Дон Карлос. Том 2 - Борн Георг Фюльборн. Страница 68

Мануэль с любезной улыбкой подошел к хозяйке, за которой вошли Инес с Амарантой, и поцеловал ей руку, а затем обратился к Инес, совершенно оправившейся в доме доброй, заботливой тетки и радостно приветствовавшей Мануэля.

Старый Камара с удовольствием глядел на радость племянницы и очевидную привязанность к ней генерала. Ему очень приятно было думать о предстоящем союзе, так как генерал был, по его мнению, во всех отношениях хорошей партией. То же думала и жена его.

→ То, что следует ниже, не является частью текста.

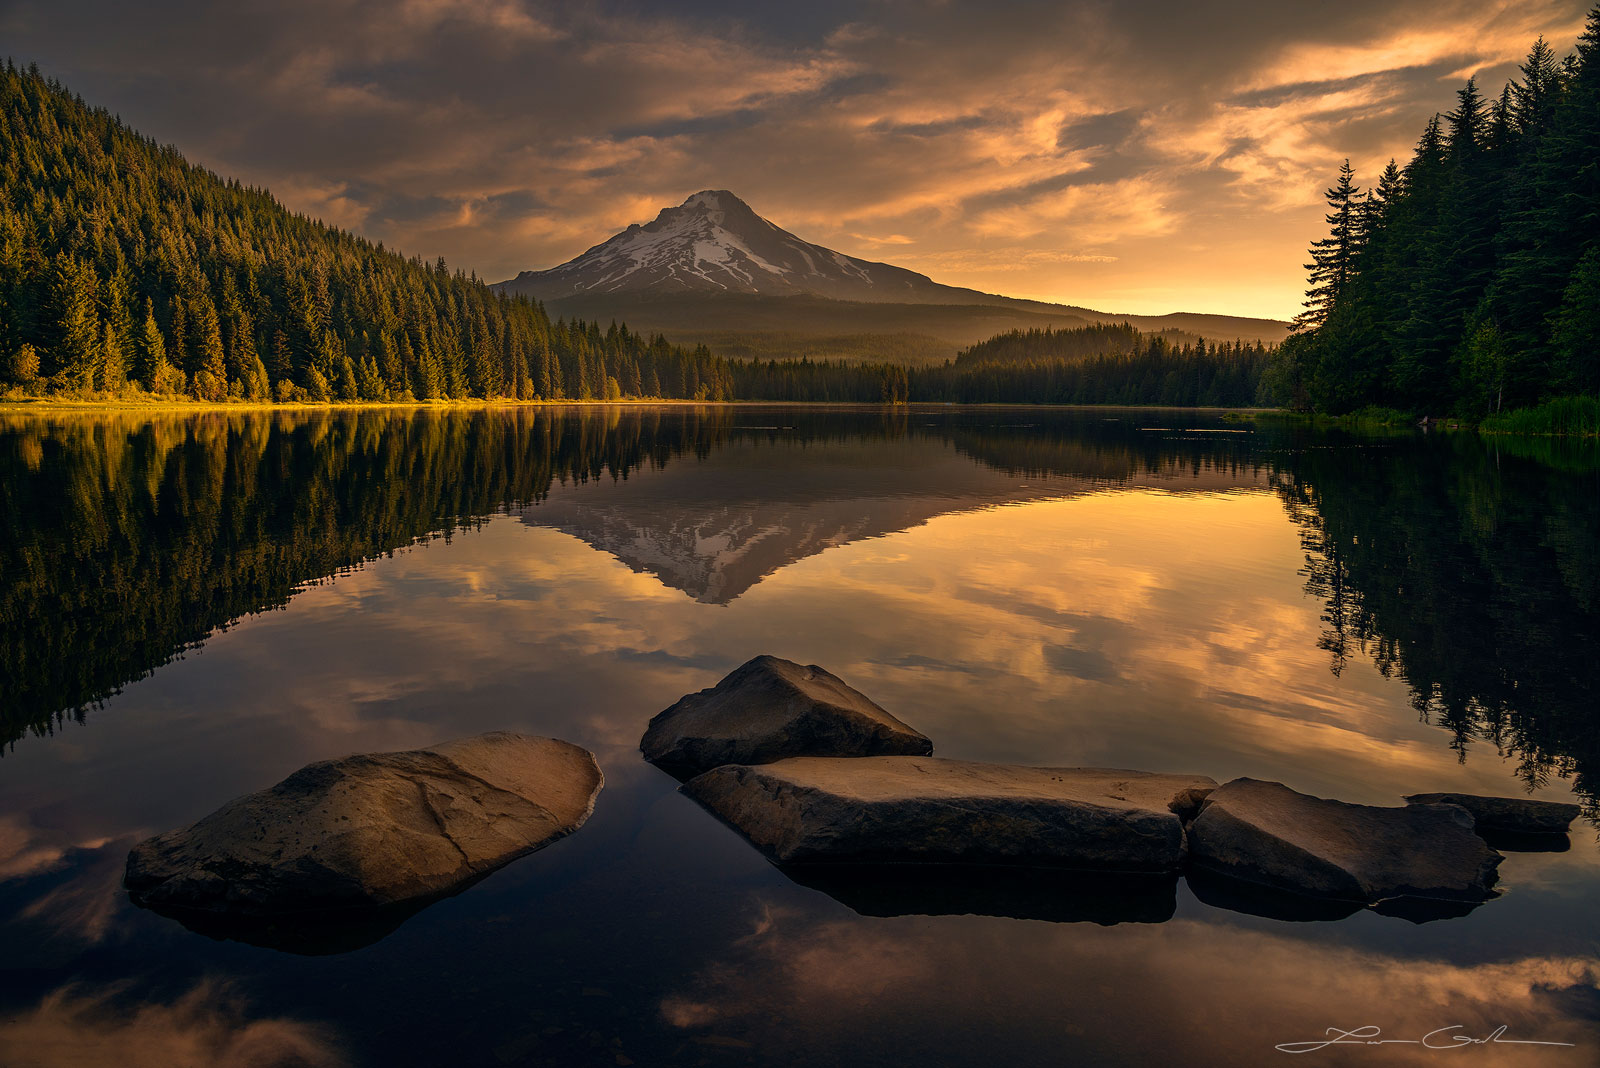 Mt Hood at sunrise and its reflection in a calm mountain lake surrounded by evergreen trees, Oregon

Сначала Инес несколько смутилась, но когда увидела, как ласково дядя и тетка приняли Мануэля, сделалась непринужденней, разговорилась и рассказала вместе с Амарантой, как они добирались до Пуисерды, после чего Мануэль поведал о своих приключениях.

— Я знаю по слухам и из газет, маркиз, — сказал майор, — что вы дали новый поворот событиям и что скоро, вероятно, будет положен конец бесчинствам кар-листов! С ними надо поступать без всякого сожаления. Право, я за всю свою службу не слыхивал о подобном способе вести войну!

— Сейчас готовится решительное сражение, майор. Власти не могут себе представить, с какими затруднениями мы здесь сталкиваемся! Казна пуста, а надо очень аккуратно производить выдачи, полки не все надежны, да мало ли еще что! Но я не сомневаюсь, что Серрано и Конхо положат этому конец. Маршал уже организует армию и скоро даст решительное сражение карлистам! Я воспользовался несколькими днями отдыха, чтобы поспешить сюда…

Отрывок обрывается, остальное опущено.